If you leave the text fields blank entirely, you still get correct per-language copy from the bundled German and English defaults, no translation step needed for those two. The String Translation route is for when you want your own wording per language.
Per-language privacy URL
You enter one privacy URL on the Banner tab, and Beaconry resolves it to the visitor's language at request time. The resolver runs through the bcnr_privacy_url filter:
- If no multilingual plugin is active, the URL passes through untouched.
- The configured URL is mapped to a WordPress post via
url_to_postid(). If it does not resolve to a post (a static path, an external URL), it is returned as-is, no guessing. - Otherwise Beaconry asks WPML (
wpml_object_id) or Polylang (pll_get_post) for the translation of that page in the current language and returns the translated permalink. - If there is no translation for the current language, it falls back to the original URL. The resolver never returns empty.
So you point the banner at, say, your English privacy policy once, create its German translation as a normal WPML/Polylang page translation, and German visitors automatically get the German permalink in the banner link.

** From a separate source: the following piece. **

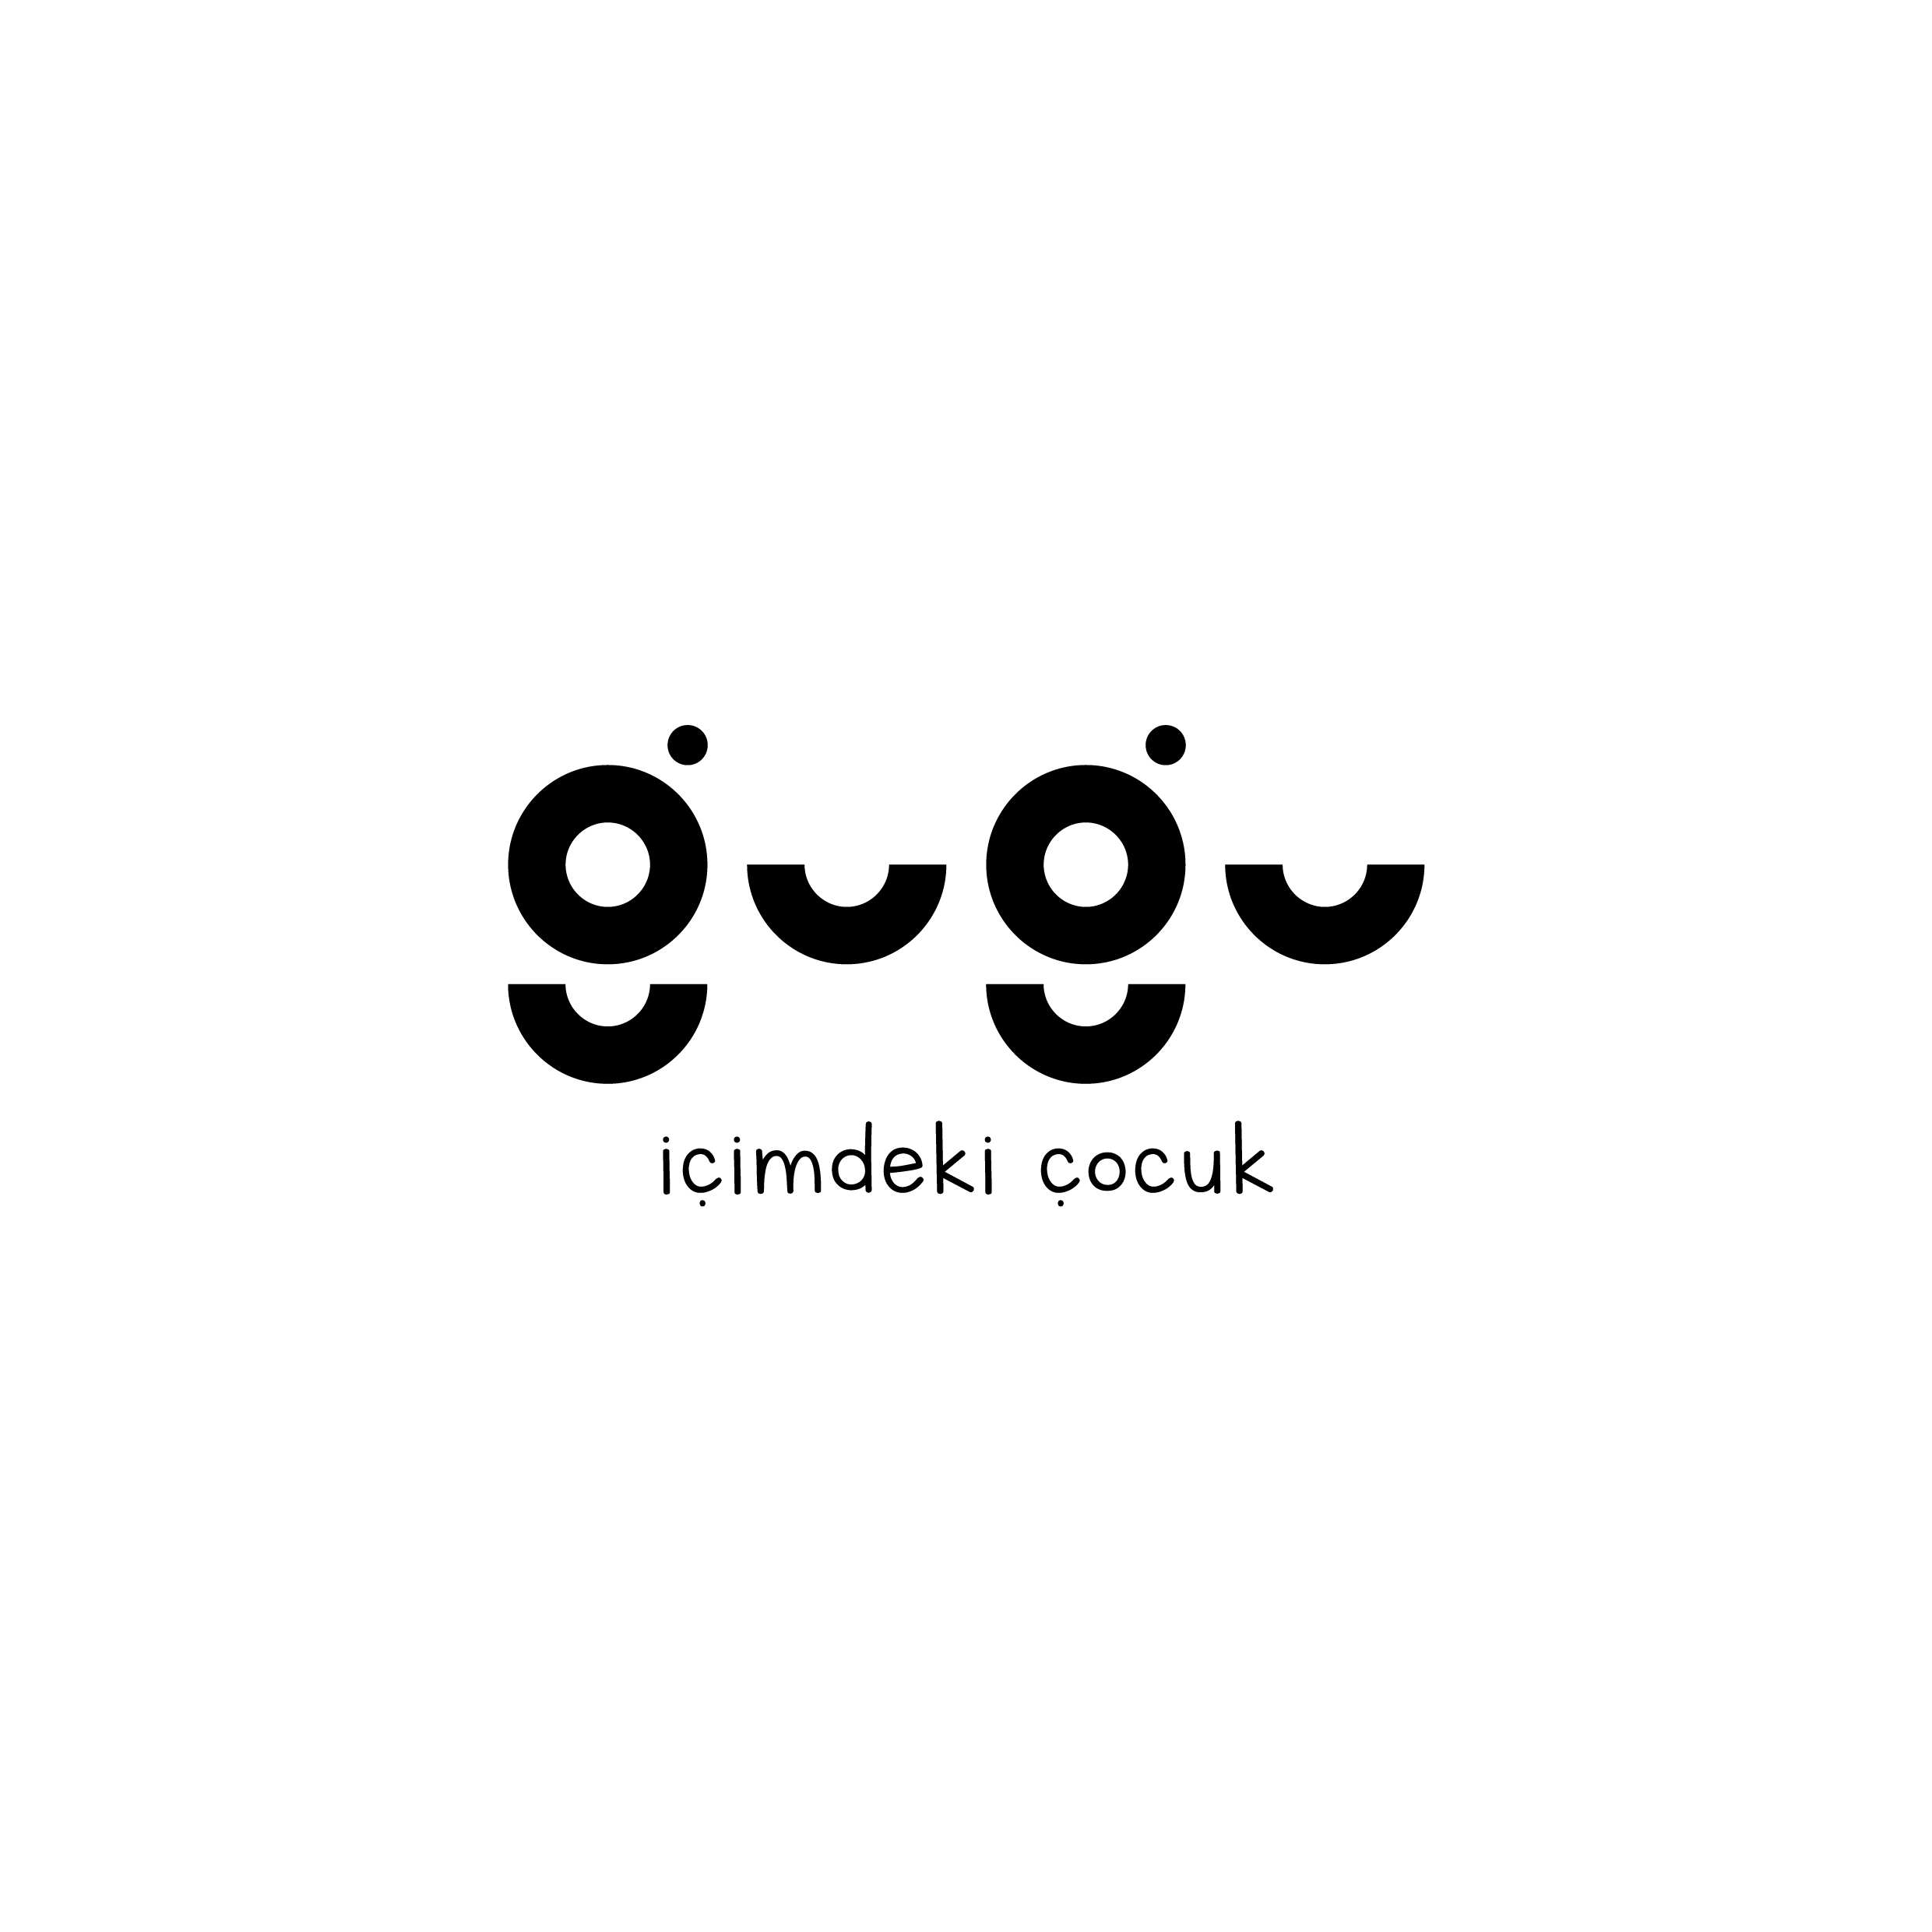 gugu_logo_gmk-02
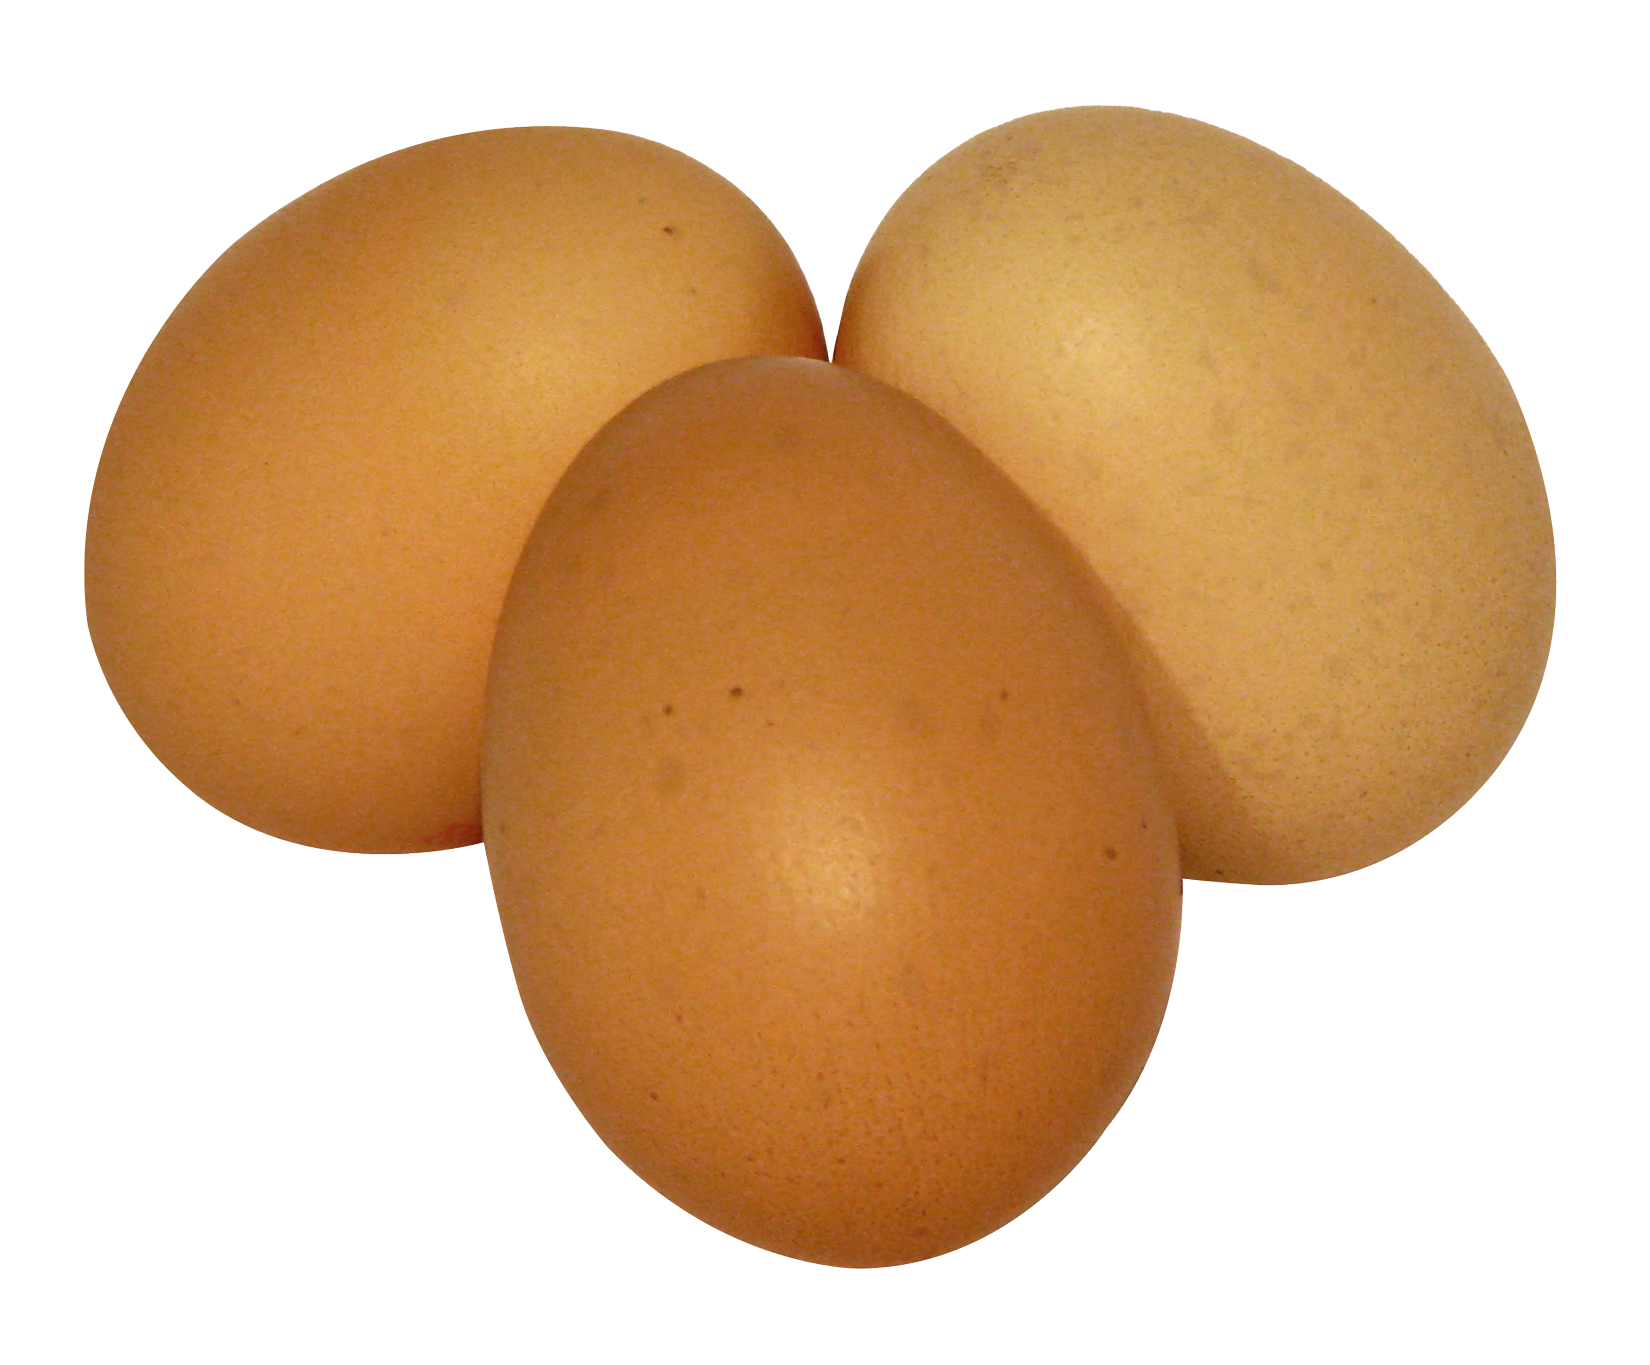 Egg PNG Transparent Images Free Download - Pngfre

No second URL field, no per-language override list.
For exotic setups (TranslatePress, MultilingualPress, a custom build) the detection is filterable via bcnr_is_multilingual, and you can hook bcnr_privacy_url directly to supply your own resolver.
Turning the banner off (bring your own consent)
If you already run a dedicated consent management platform, turn Beaconry's banner off and let your CMP drive consent instead. The contract is simple: your CMP must write the nl_pref cookie itself. Concretely:
- The cookie name must be exactly
nl_pref. - The value must be a JSON object containing
"analytics"with a boolean (for example{"analytics": true, "marketing": true}). - It must be set before any page load you want to track.
With the banner off and no cookie present, nothing fires, that is the safe default, not a bug. Only turn the banner off if you have an external solution writing the cookie, or if your site genuinely operates in a region with no consent obligation. There is also a power-user nuance for non-EU sites: with the banner disabled and no existing cookie, the loader writes a permissive nl_pref so tracking can run without a banner. Use that only where you are certain consent is not legally required.
Does the marketing site use this?
No, and that is deliberate. beaconry.app ships no GA4, no Meta Pixel, no tracking engine and no cookie banner, because there is nothing to consent to. A product that sells privacy-respecting tracking should not quietly track the people reading about it. The banner described here is what your visitors see on your site once you install the plugin and switch it on.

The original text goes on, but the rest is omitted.